Dataset content Block Start
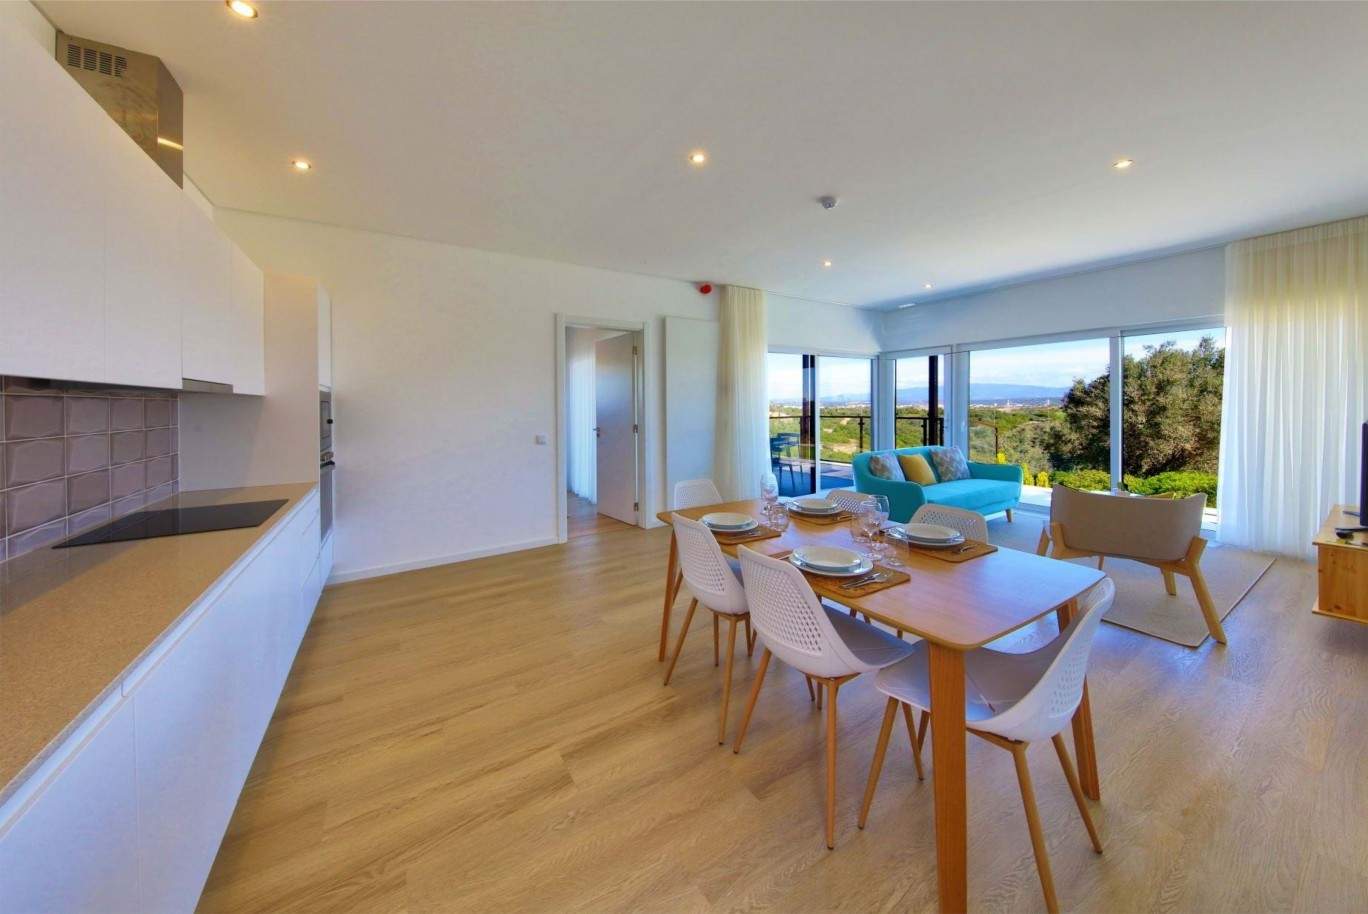 2+1 bedroom villa in resort, for sale in Carvoeiro, Algarve_204775
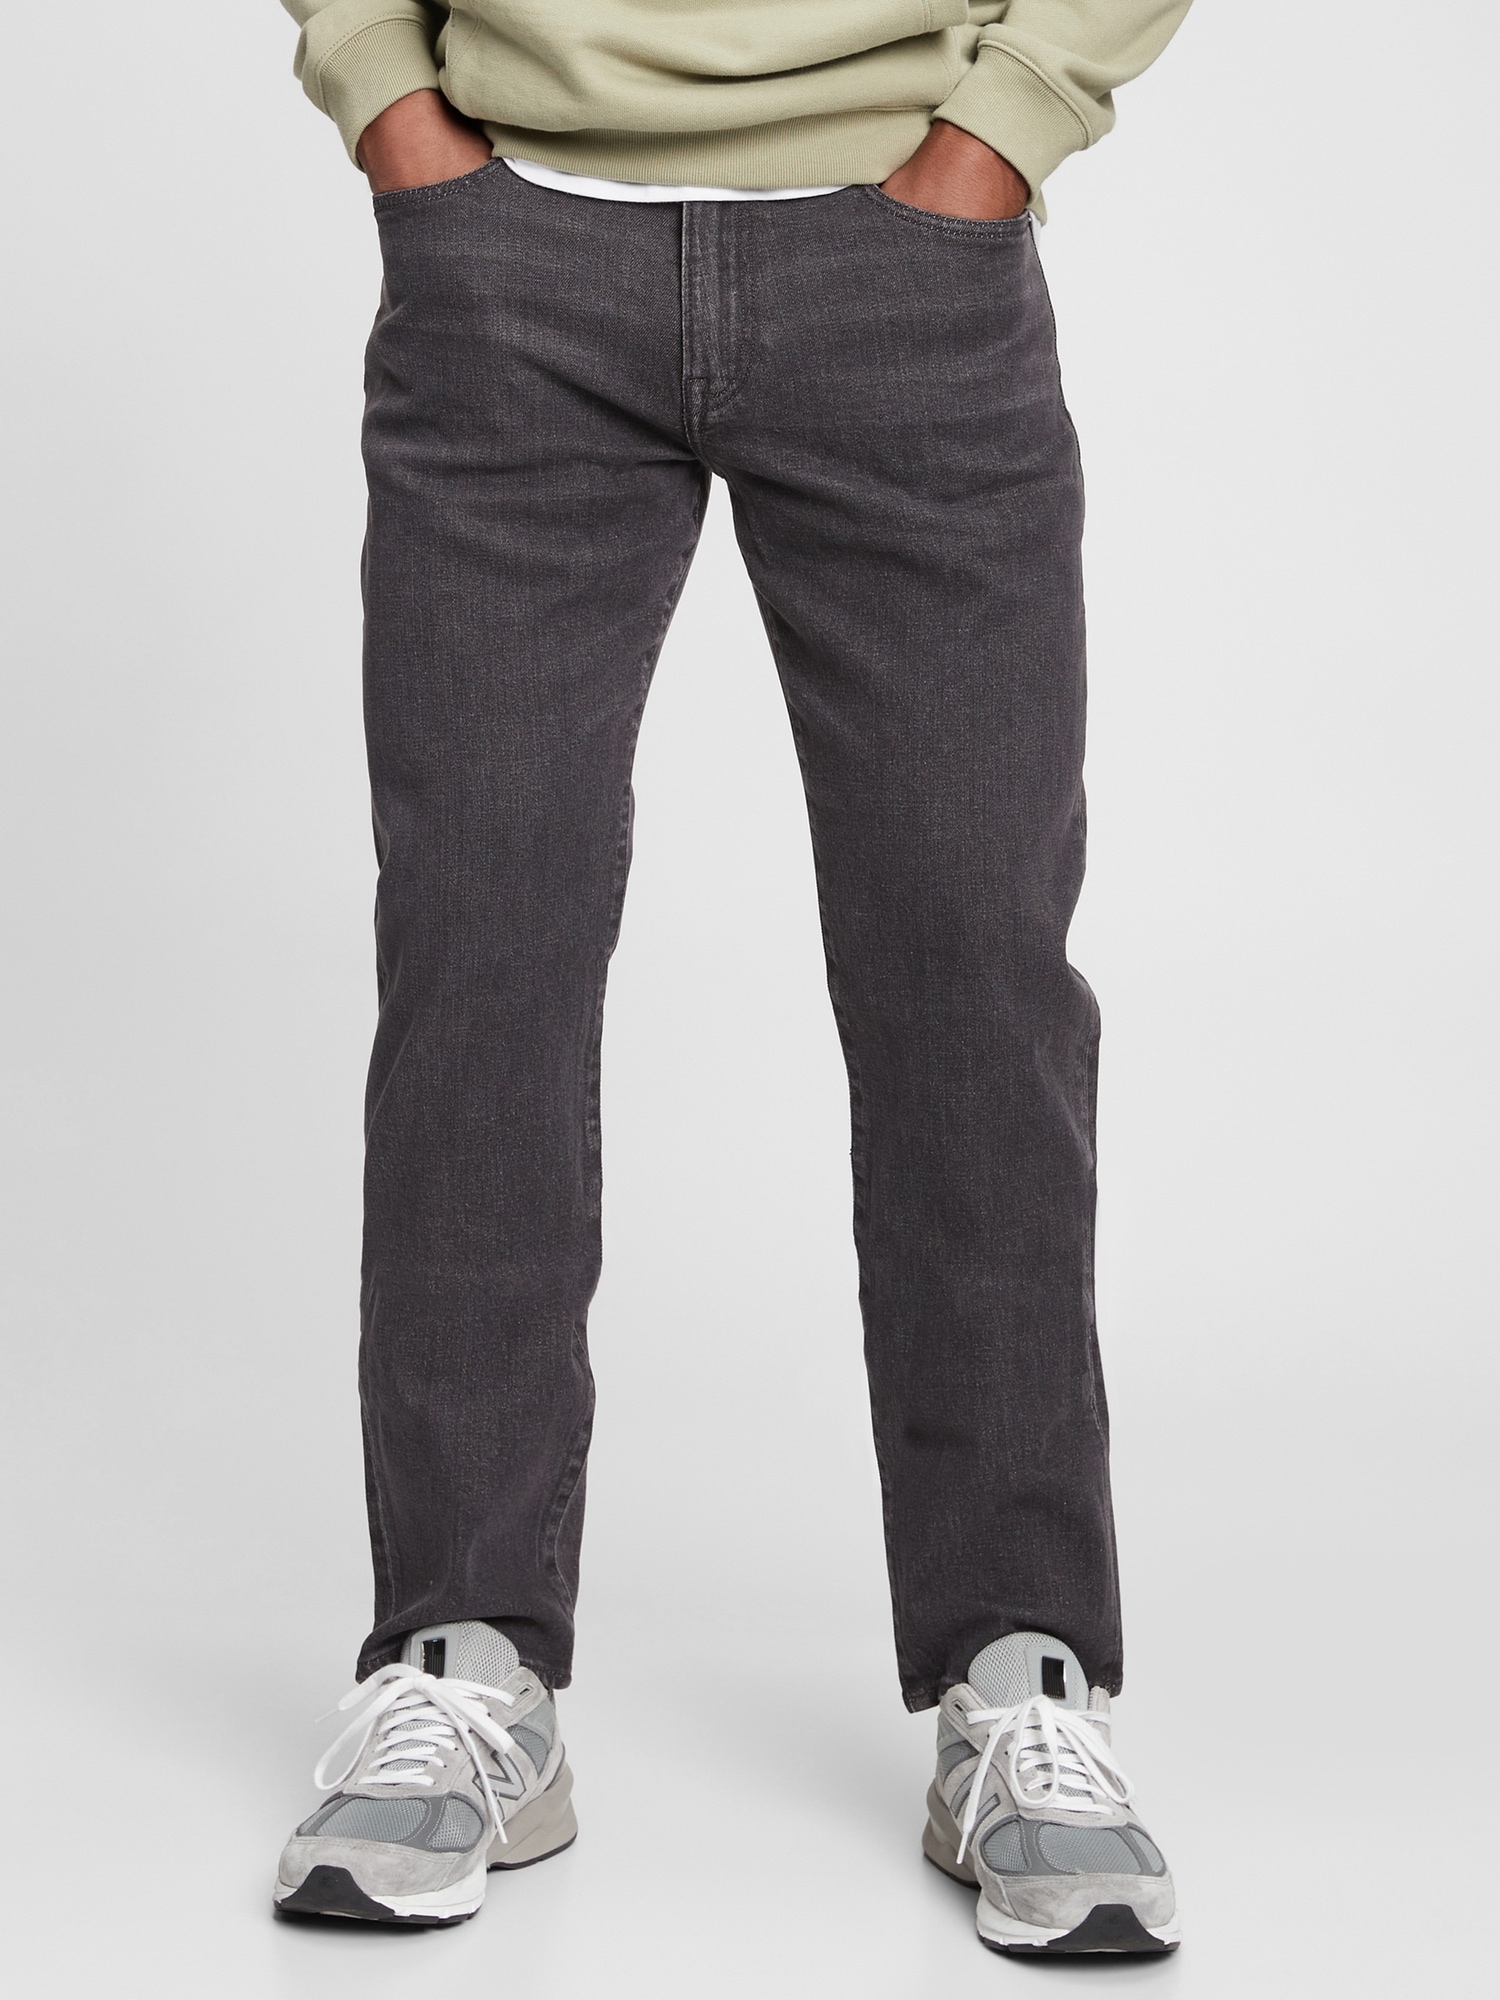 Soft Flex Straight Jeans with Washwell™ | Gap
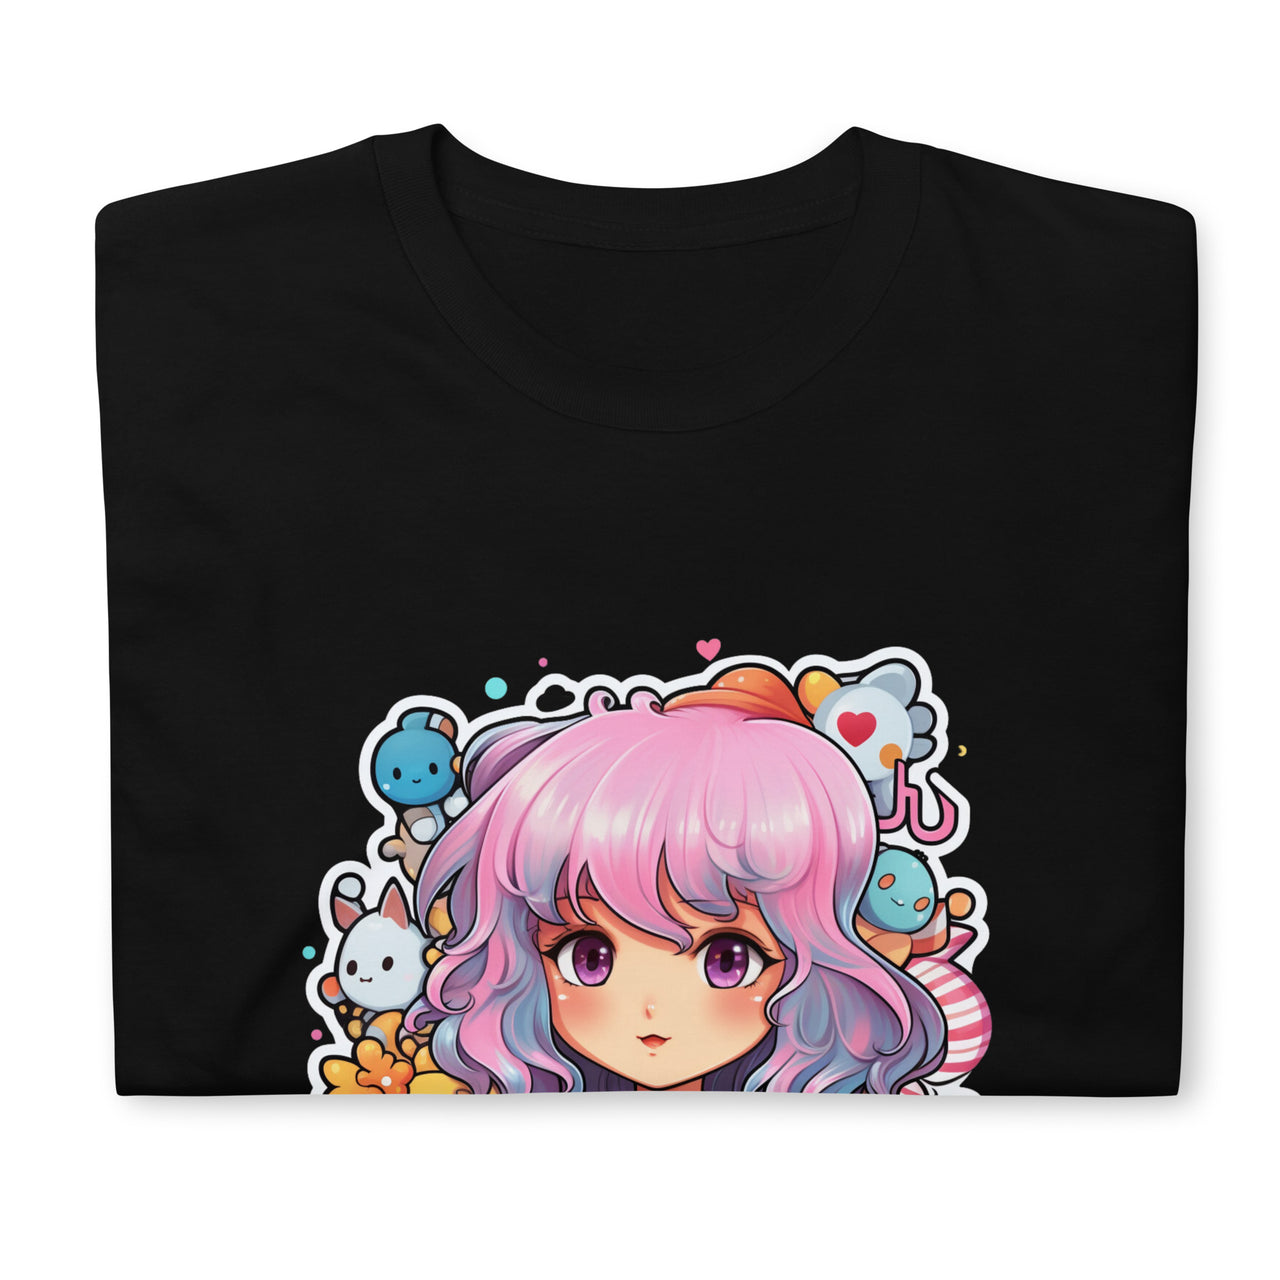 Kawaii Kingdom Anime Girl Cute Critters T-Shirt
Dataset content Block End
**Exercise description**
Write all the lines above out again exactly, minus the images.

**Answer box**
 2+1 bedroom villa in resort, for sale in Carvoeiro, Algarve_204775
 Soft Flex Straight Jeans with Washwell™ | Gap
 Kawaii Kingdom Anime Girl Cute Critters T-Shirt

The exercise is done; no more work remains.